Estudante em sala de aula destruída durante as hostilidades de 2014, em Gaza. Foto: UNICEF / El Baba

Estudante em sala de aula destruída durante as hostilidades de 2014, em Gaza. Foto: UNICEF / El Baba

Em sua avaliação anual sobre o Território Palestino Ocupado, um comitê de especialistas da ONU afirmou que, durante sua visita a Amã, na Jordânia, seus membros ouviram testemunhos sobre a expansão dos assentamentos, a prática contínua da detenção administrativa, o uso excessivo da força, os possíveis homicídios extrajudiciais e a falta de responsabilização.

“Com base nesse testemunho, o Comitê observou claramente que as autoridades israelenses continuam com políticas e práticas que afetam negativamente a situação dos direitos humanos no território palestino ocupado”, afirmou a declaração.

O Comitê também recebeu relatos preocupantes sobre a prisão e detenção de crianças, incluindo relatos de maus-tratos e a falta de proteção adequada.

Outros depoimentos dão conta da situação dos palestinos que vivem em difíceis condições nas prisões israelenses, bem como o uso continuado da detenção administrativa.

A deterioração da situação humanitária em Gaza, agravada pela atual crise de eletricidade, foi repetidamente levantada como uma das questões mais urgentes.
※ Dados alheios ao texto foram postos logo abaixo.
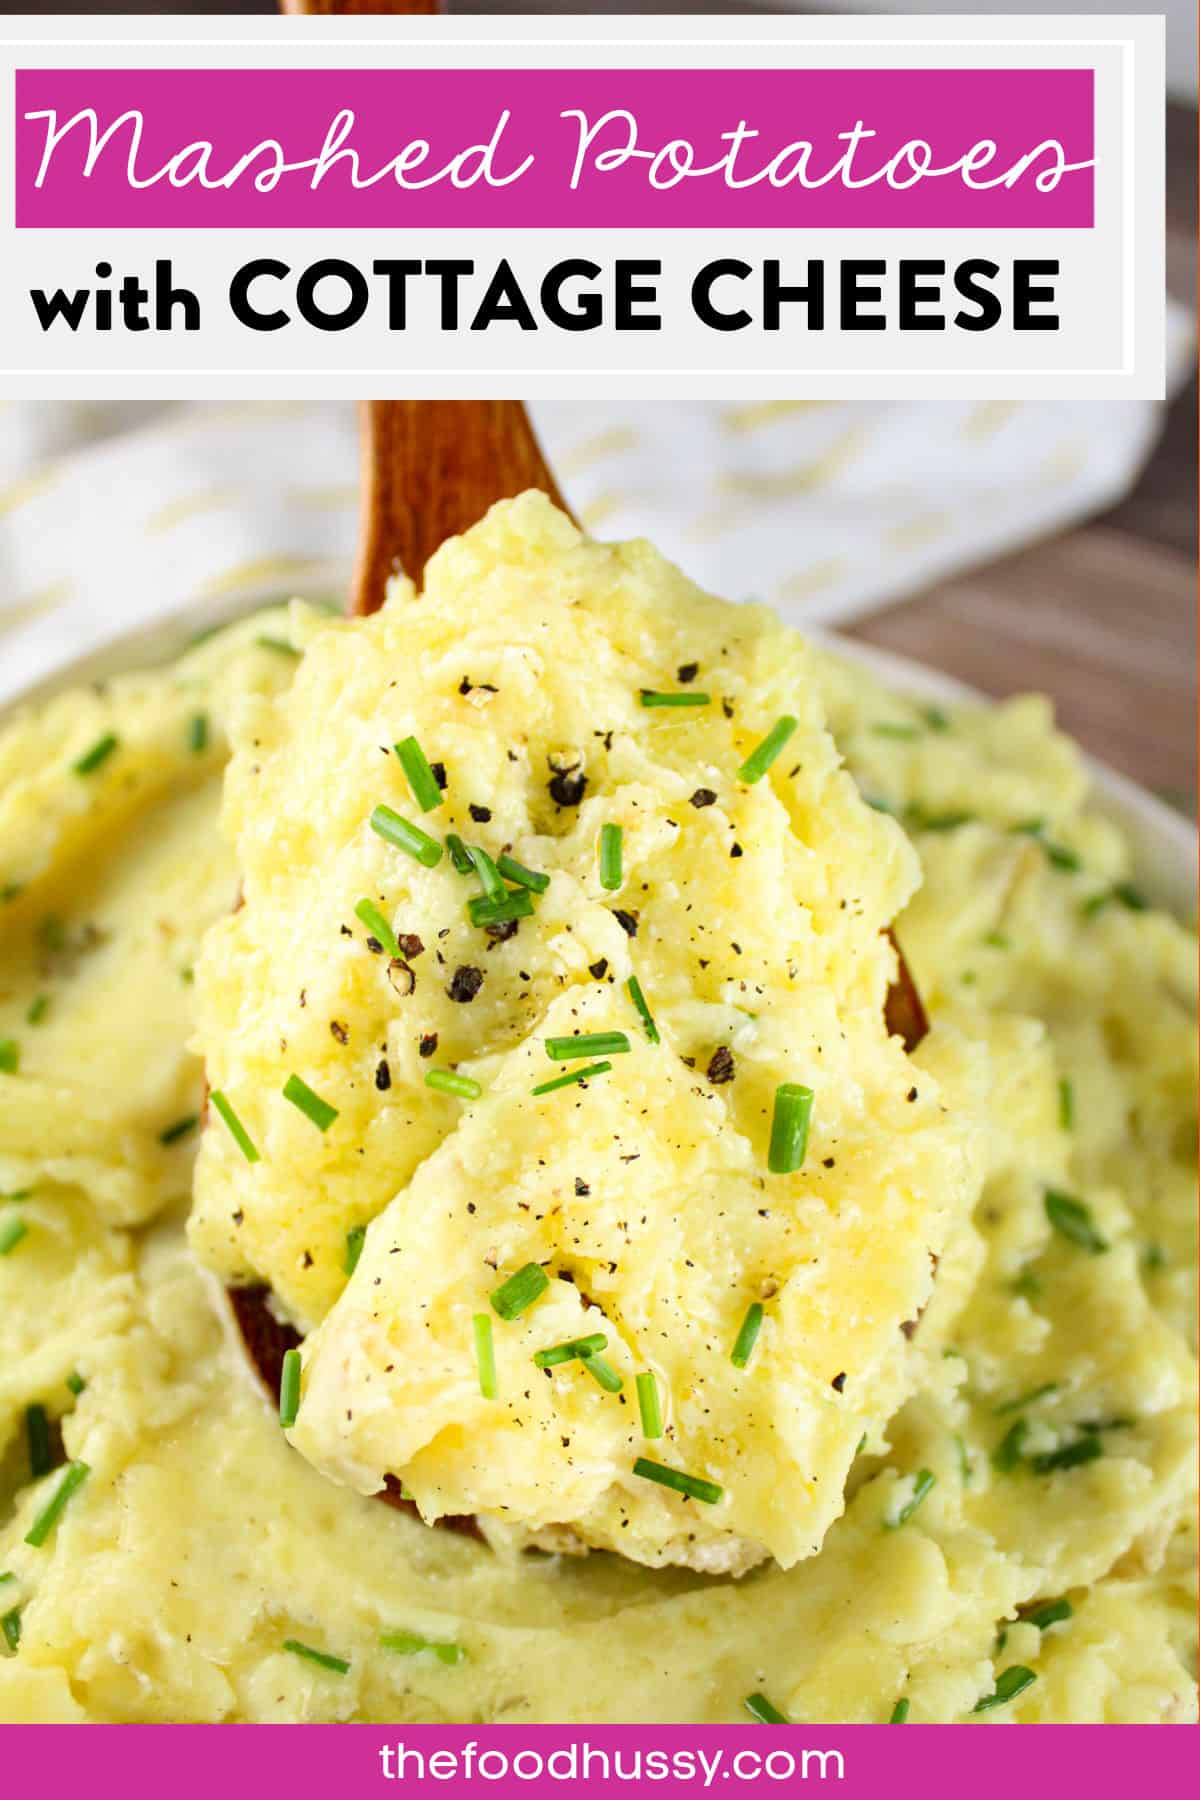 Roasted Garlic Mashed Potatoes with Cottage Cheese are my new favorite way to make mashed taters! They've got that creamy texture and are so full of rich flavor from the roasted garlic! Cottage cheese might seem odd - but trust me - this secret ingredient works! via @foodhussy
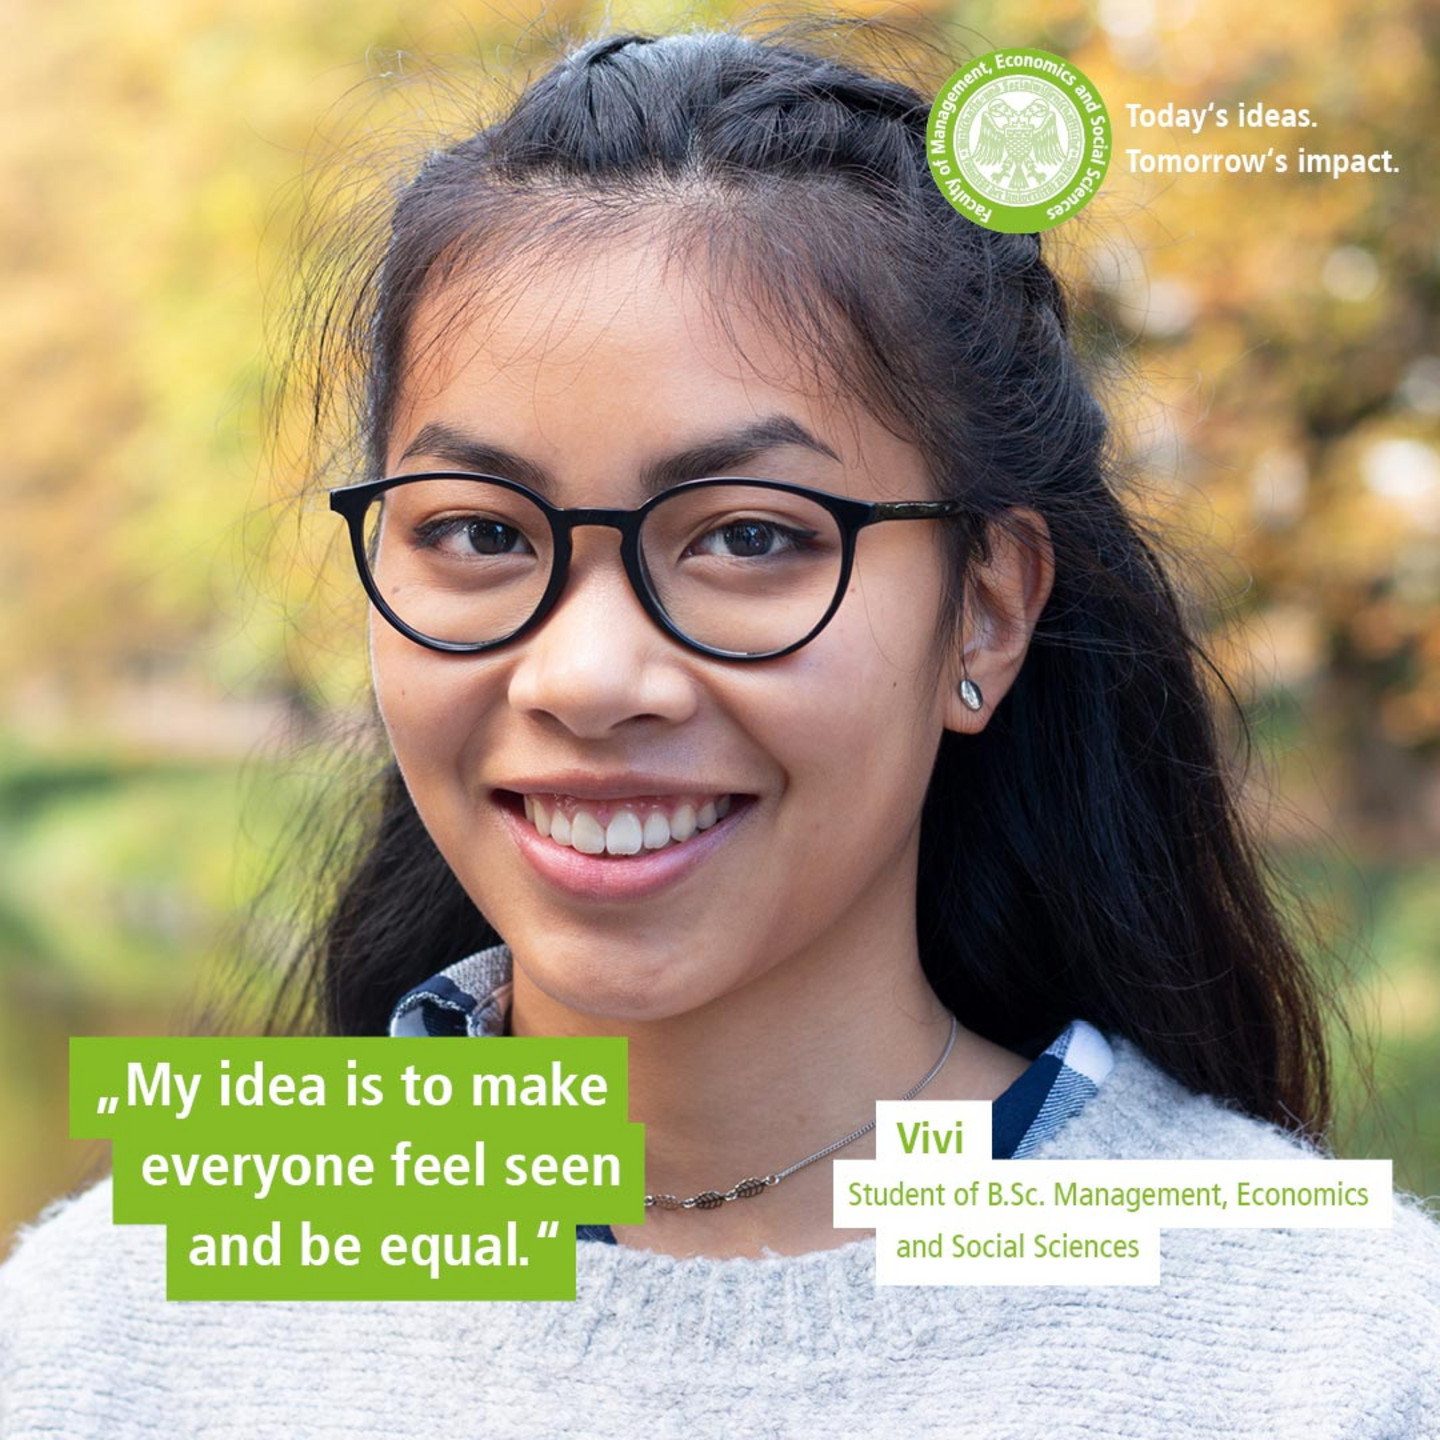 WiSo-Studentin Vivi vor herbstlichen Bäumen. Text: „Today’s Ideas. Tomorrow’s Impact. - My idea is to be inspiring, joy-bringing, and helpful to society and my surroundings.“

Segundo um relatório de especialistas independentes da ONU, publicado na última semana (12), a eletricidade em Gaza é disponível por, no máximo, seis horas consecutivas, seguidas de um período de 12 horas de apagão.

O documento observa que a recente redução do fornecimento de eletricidade – em até 40% – está levando a uma deterioração sem precedentes na prestação de serviços essenciais, como o atendimento médico.

O comitê ressaltou ainda a permanente falta de responsabilização por alegações de uso excessivo da força e violações do direito internacional pelas forças israelenses, inclusive durante as hostilidades de 2014 em Gaza. Muitas organizações ouvidas enfatizaram que a falta de responsabilização aumentou ainda mais o ciclo da violência.

Os ativistas e jornalistas que buscam destacar as violações dos direitos humanos e do direito humanitário disseram ao Comitê que o espaço em que estavam livres para se manifestar está diminuindo a um ritmo alarmante. Eles relataram casos de detenção de manifestantes pacíficos e jornalistas que cobriam protestos.

O comunicado também observou que o governo de Israel não reconhece o Comitê e que, portanto, não conseguiu falar com as autoridades israelenses ou acessar os territórios ocupados.

Um relatório completo sobre a missão e outras atividades será enviado para a Assembleia Geral da ONU em novembro de 2017.

Criado na Assembleia Geral das Nações Unidas em dezembro de 1968, o Comitê investiga as práticas israelenses que afetam os direitos humanos dos povos palestinos e de outros territórios árabes. Atualmente, é composto por três Estados-membros da ONU – Sri Lanka, Malásia e Senegal.